As other tech sectors are staring at postpandemic slowdowns, demand for cloud services has stayed strong, said Thomas Kurian, chief executive of Google Cloud, whose global market share has increased from 1.5% in 2015 to 7.1% in 2021, according to Gartner Inc.


"We still see significant demand and interest from customers around the world in virtually every industry," he said.


In recent years, some new and older cloud companies have grown their businesses by providing software and services to help customers interact with the cloud. However, the three companies' dominance in hosting the cloud means the other cloud companies usually still have to work with them—and it positions the three to offer competing products later.


Box Inc. Chief Executive Aaron Levie says the heft of the big three companies helps drive down prices for Box, but it also indicates their control of the market.


"You have these players that have economies of scale, and scale begets more scale," Mr. Levie said. Box sells cloud-based content-management and collaboration software, making it a user of as well as a competitor to the big three cloud companies.


Snowflake Inc. is one of the cloud-service providers that have risen quickly in recent years but faces growing competition from the cloud platforms it uses. Snowflake's annual sales doubled for each of its past two fiscal years but the company expects growth to slow to 66% this year.
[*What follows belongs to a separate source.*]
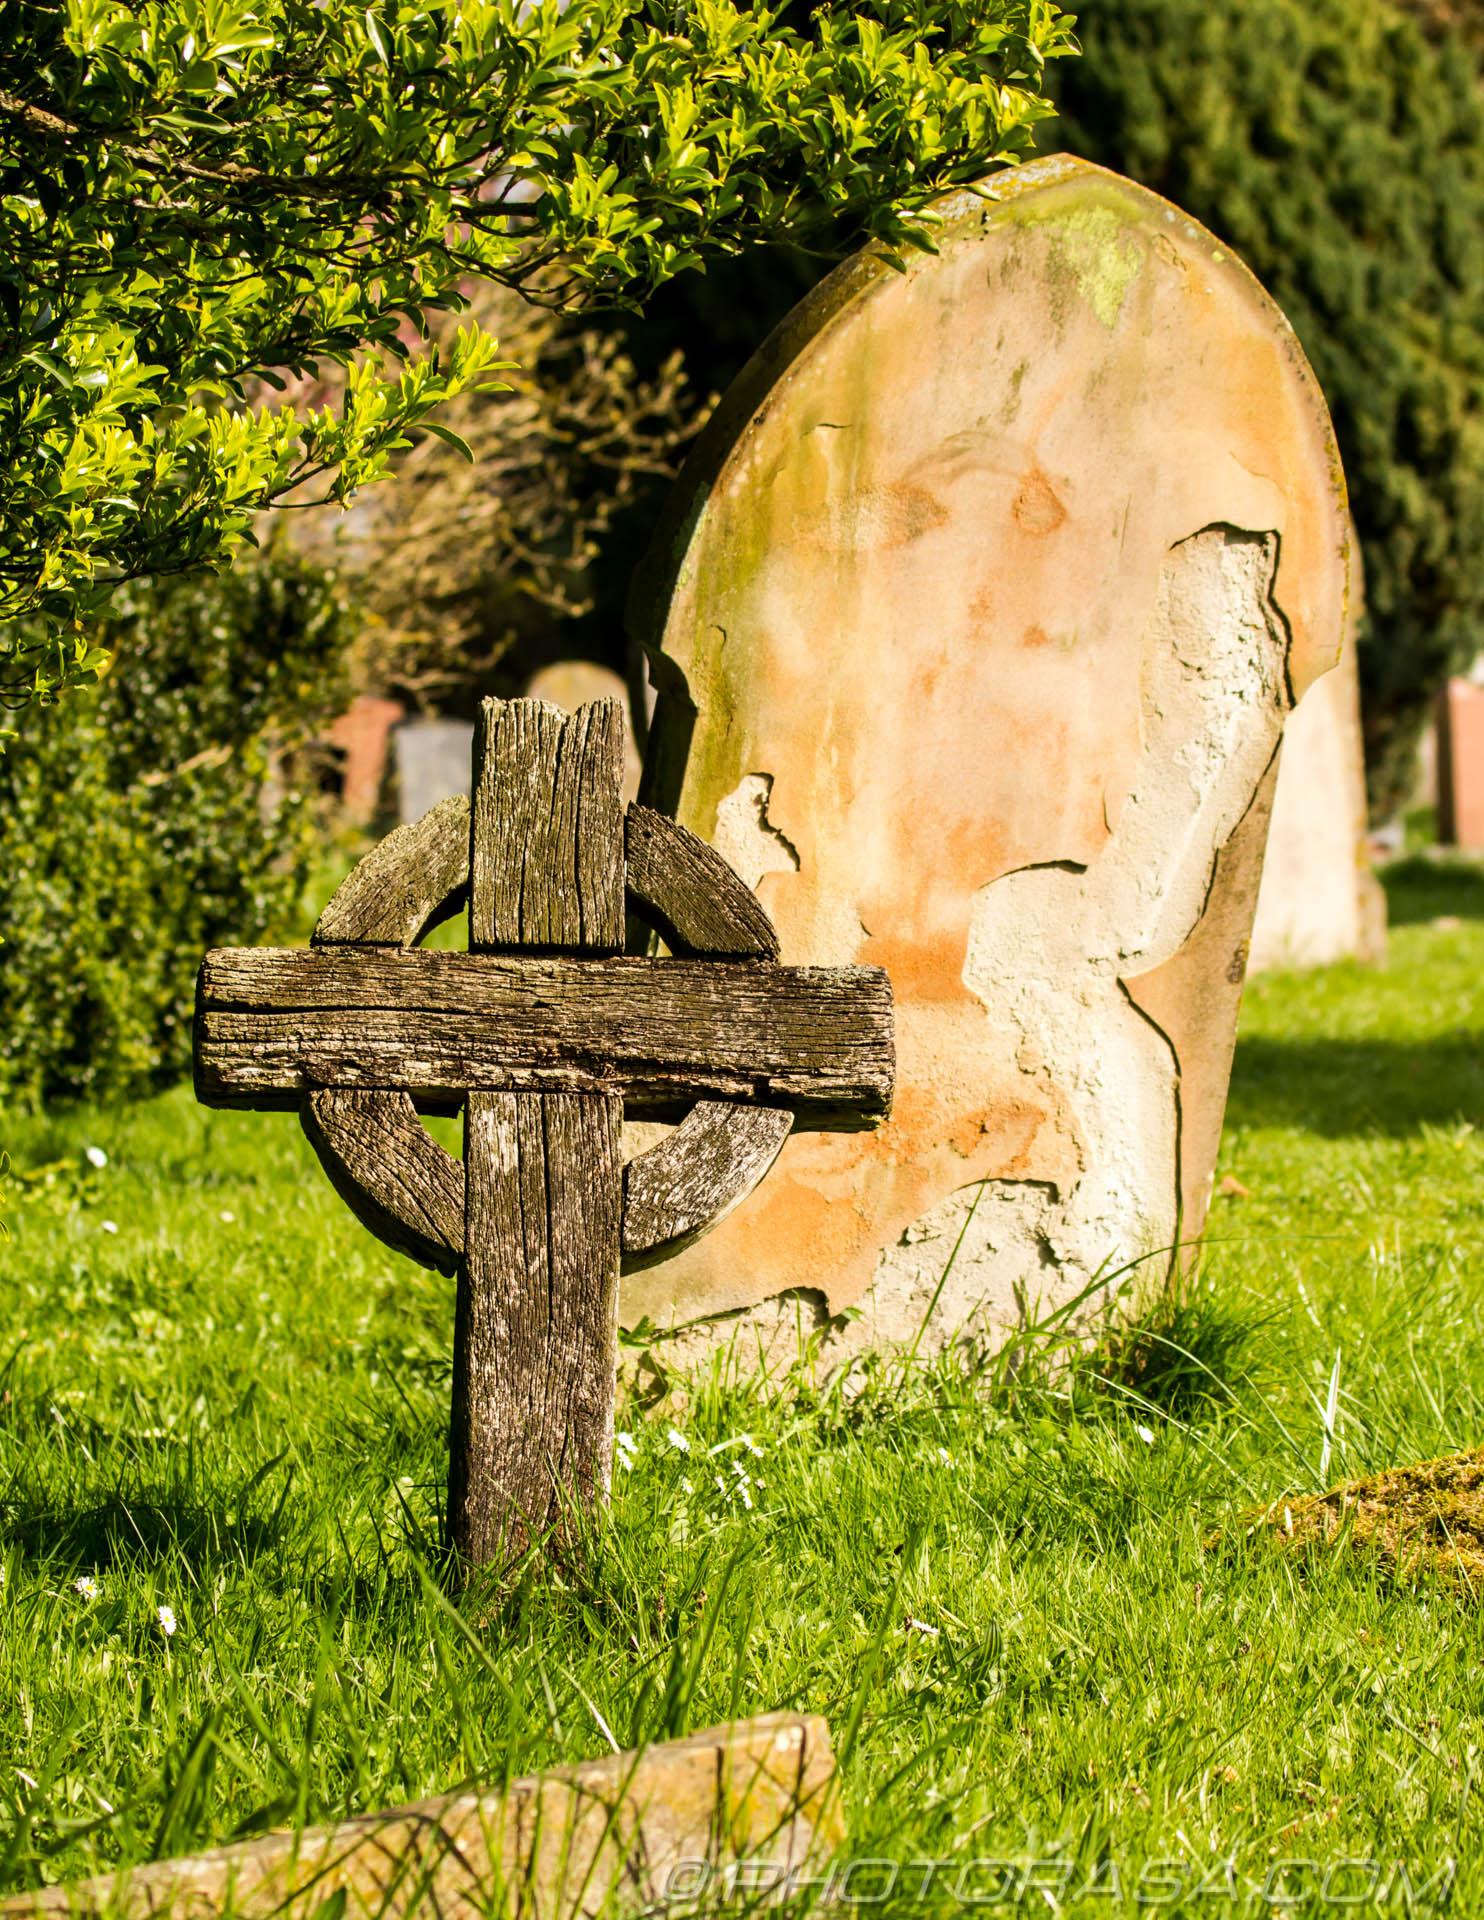 https://photorasa.com/saints-church-staplehurst-kent/old-wooden-celtic-cross-and-stone-grave/
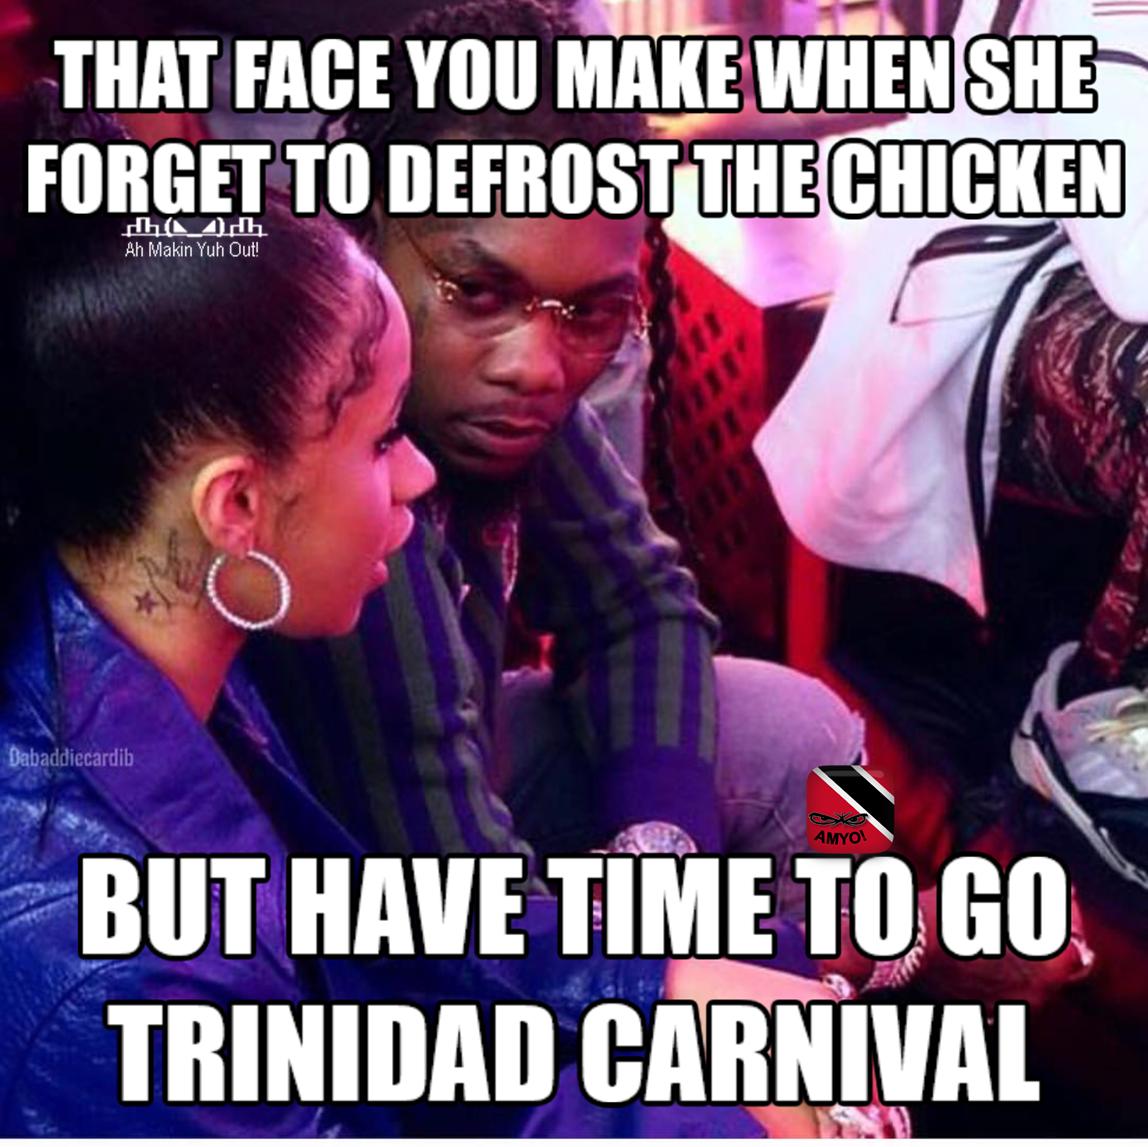 Cardib Offset Music Trinidad Meme Carnival2018 Trinidadandtobago Trinidadcarnival2018 Lookting Yuhonshit Everything Funny Trinidad Carnival It Hurts

The company, which helps customers analyze business data across different clouds, has accused Google of trying to undercut its sales by pushing its competitive data analytics product, BigQuery.


"Google is not an open platform," said Michael Scarpelli, chief financial officer at Snowflake, at an event earlier this year. "They don't like to partner very well, especially if they feel threatened."


Google said it has proven it can work well with competitors and some customers are choosing its product over Snowflake's because it is better.


Other software startups have accused Amazon of developing competing cloud software. Amazon has said it is just reacting to its customers' needs.


Cloud platform newcomers such as startup Sushi Cloud LLC are attempting to break through by focusing on niche areas like making running artificial intelligence software in the cloud cheaper. Others such as Cloudflare Inc. are trying to appeal to customers by offering low fees to shift data out of their clouds. The top cloud companies often make it expensive to move data.

"The unfortunately reality is the big three aren't going anywhere, they're going to continue to grow," said Sushi Cloud Chief Operating Officer Shauna O'Flaherty. "I just hope that there is more room for challenger companies to emerge and not be intimidated."